Le monde part en vrille, Chaplin se veut réactif et engagé pour maintenir un sens et des valeurs.

La vie professionnelle de Chaplin est sur le fil du rasoir, son frère Sydney (Alexandre Cattez, au jeu solide et varié) le met en garde et veut le protéger.

La vie amoureuse de Chaplin traverse une crise et sa femme Paulette (Alice Serfati, vibrante et incandescente) vient lui rappeler un certain nombre de choses fondamentales sur la sincérité.

De l’ombre à la lumière, du faux au vrai, du mensonge à la sincérité, de la médiocrité à la sublimité, de la lâcheté au courage, du jeu à l’authenticité, cette œuvre nous fait parcourir les extrêmes de l’âme humaine, comme une nécessité absolue : c’est un passage indispensable et sans cesse renouvelé, pour atteindre le cœur des choses. On pourrait ramener, pour plus de facilité, chaque caractère au critère manichéen du méchant et du gentil, mais ces personnages nous conduisent bien plus loin en signifiant la complexité des choses, des émotions, des vies et la nécessité à chaque seconde d’affronter tous les terrains, les champs de mine, de nos existences explosées. Déflagration que l’histoire, et en particulier celle des années 30, va souligner, révéler, nous ne sommes jamais autant nous même que confrontés au destin des grandes choses. N’est-ce pas la mission de l’artiste de s’affronter au réel et au plus difficile, quitte à s’y perdre, à échapper à tout contrôle, et sortir blessé ou transfiguré, les deux à la fois, de cette expérience ?

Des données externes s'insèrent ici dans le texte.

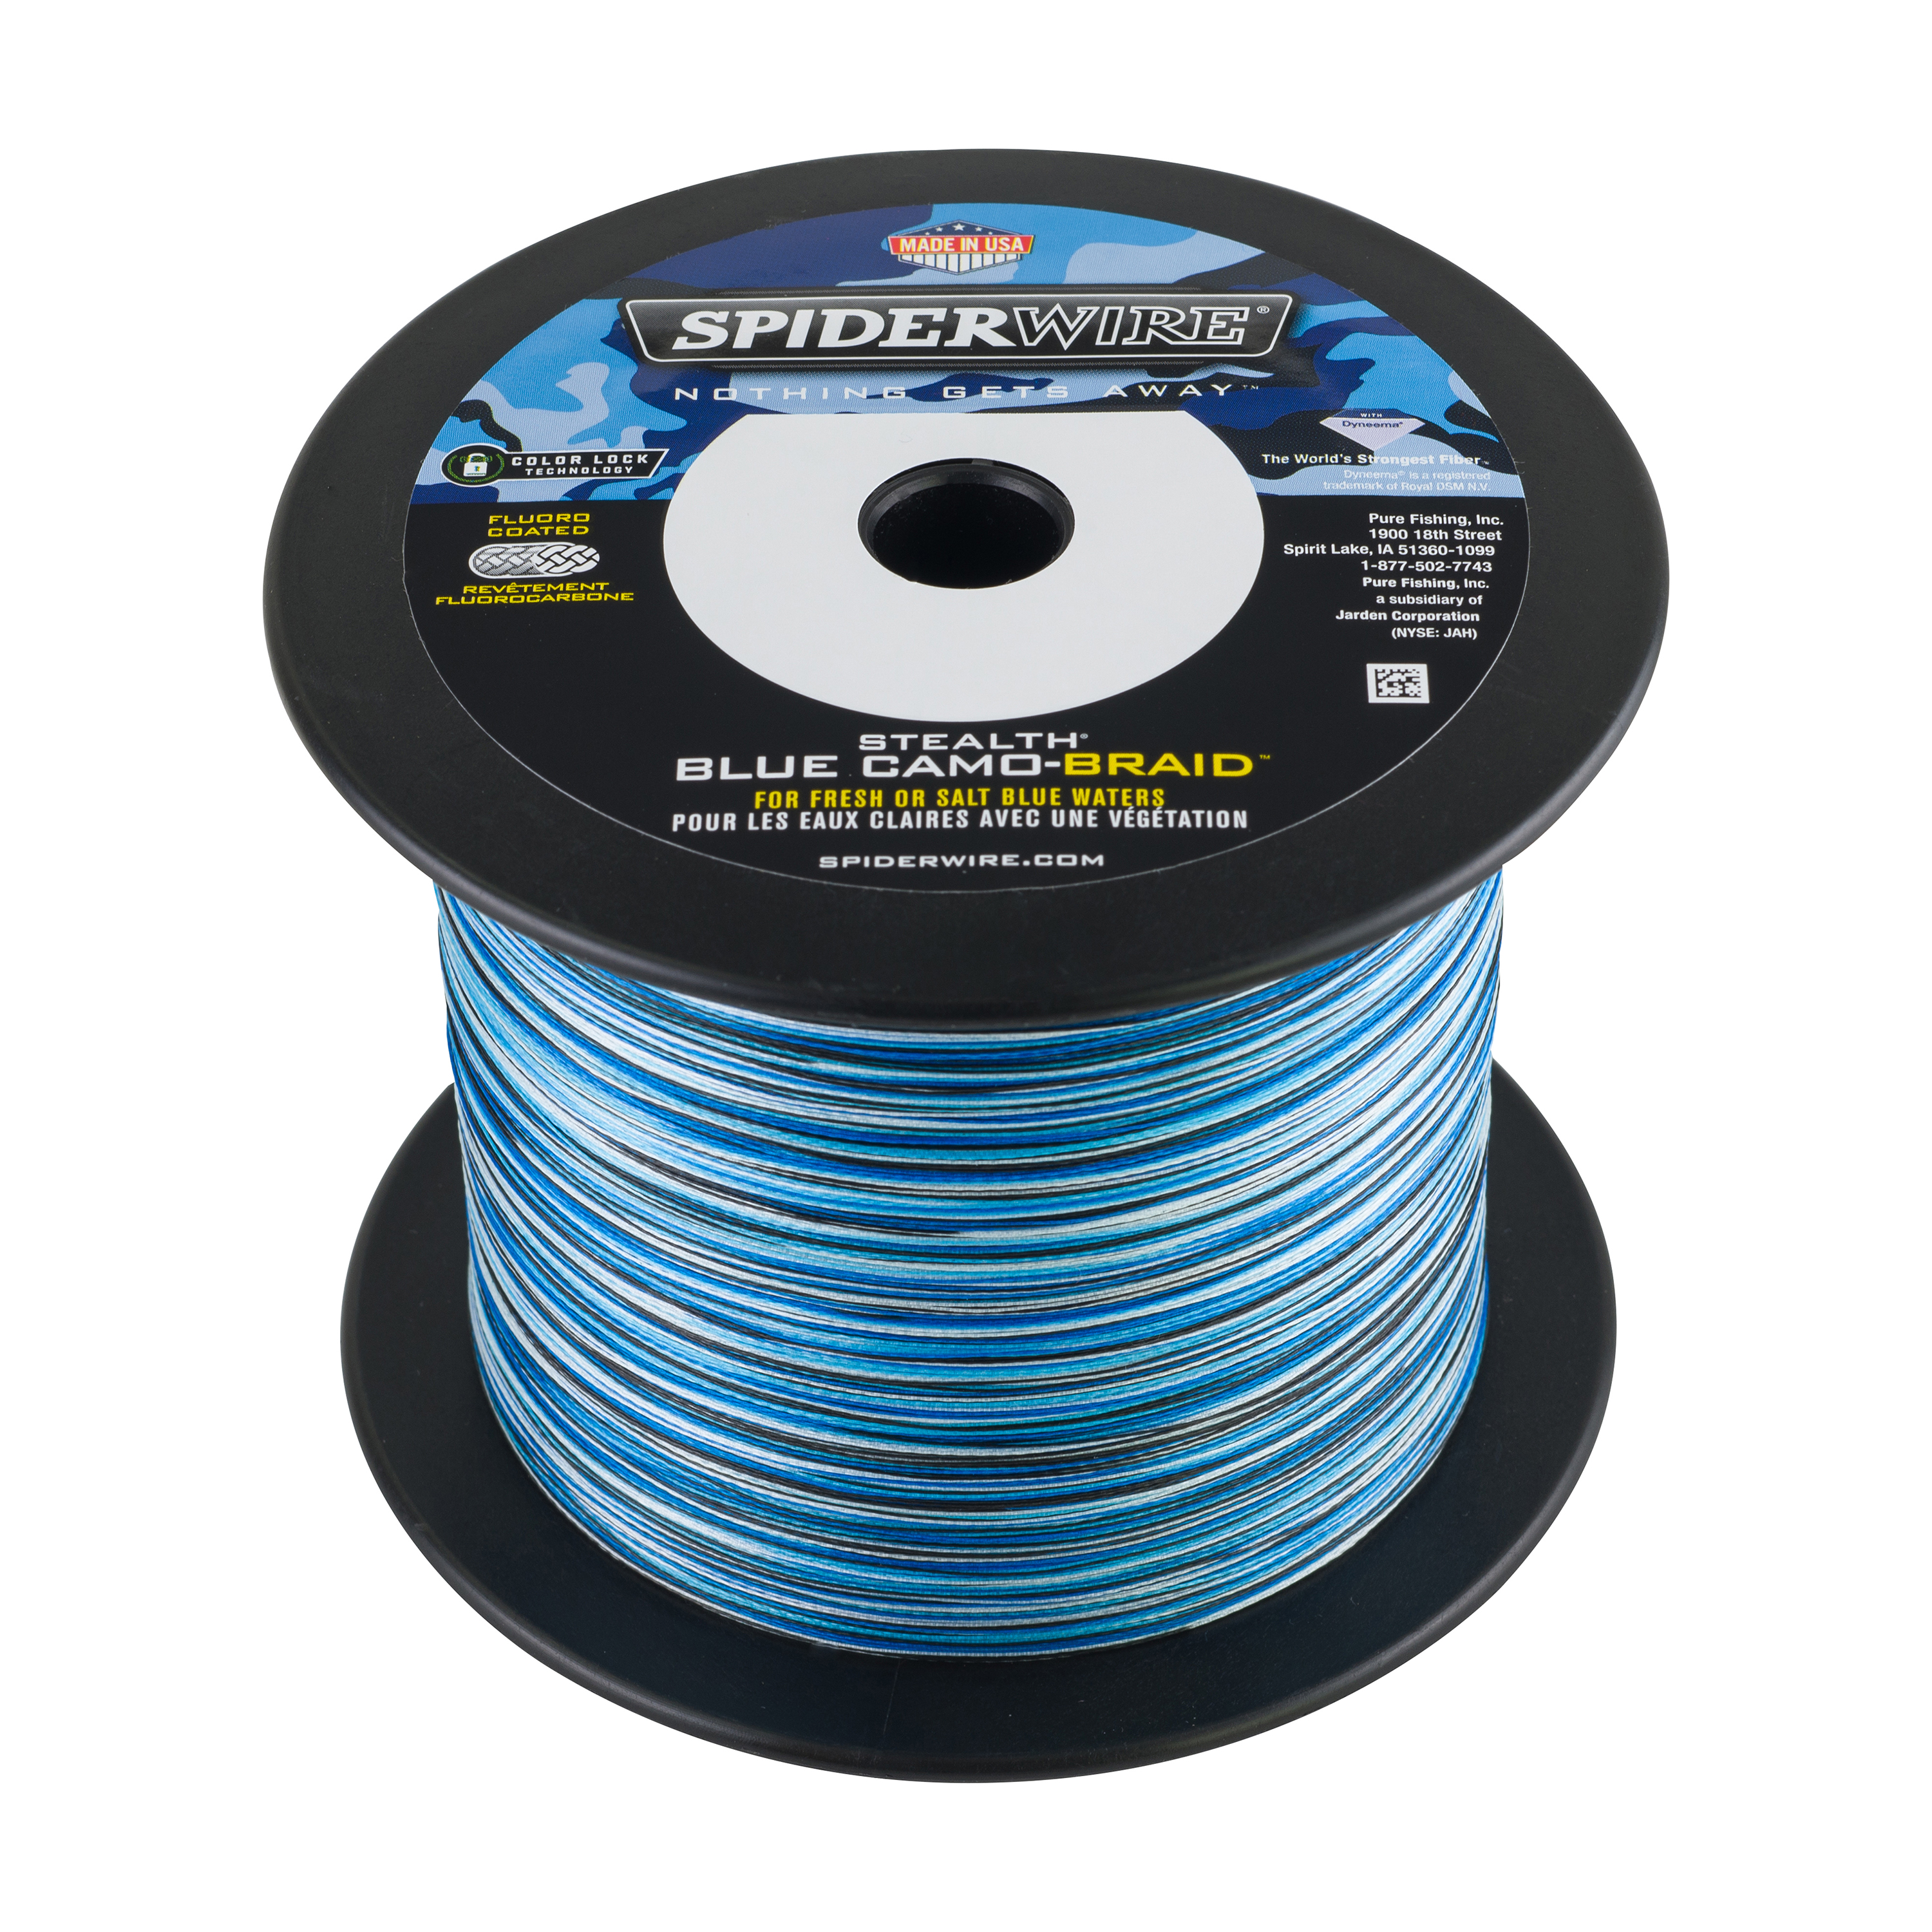 https://op2.0ps.us/original/opplanet-spiderwire-ss20bc-1500-stealth-camo-blue-20lb-1500yd-1370455

Ce spectacle, avec son économie des moyens matériels, le décor minimaliste est extrêmement efficace, par le jeu puissant et nuancé des trois comédiens, expose une complexité du monde et de l’âme humaine qu’il nous est indispensable aujourd’hui de contempler, pour ne pas sombrer comme en 39 dans la facilité des caricatures.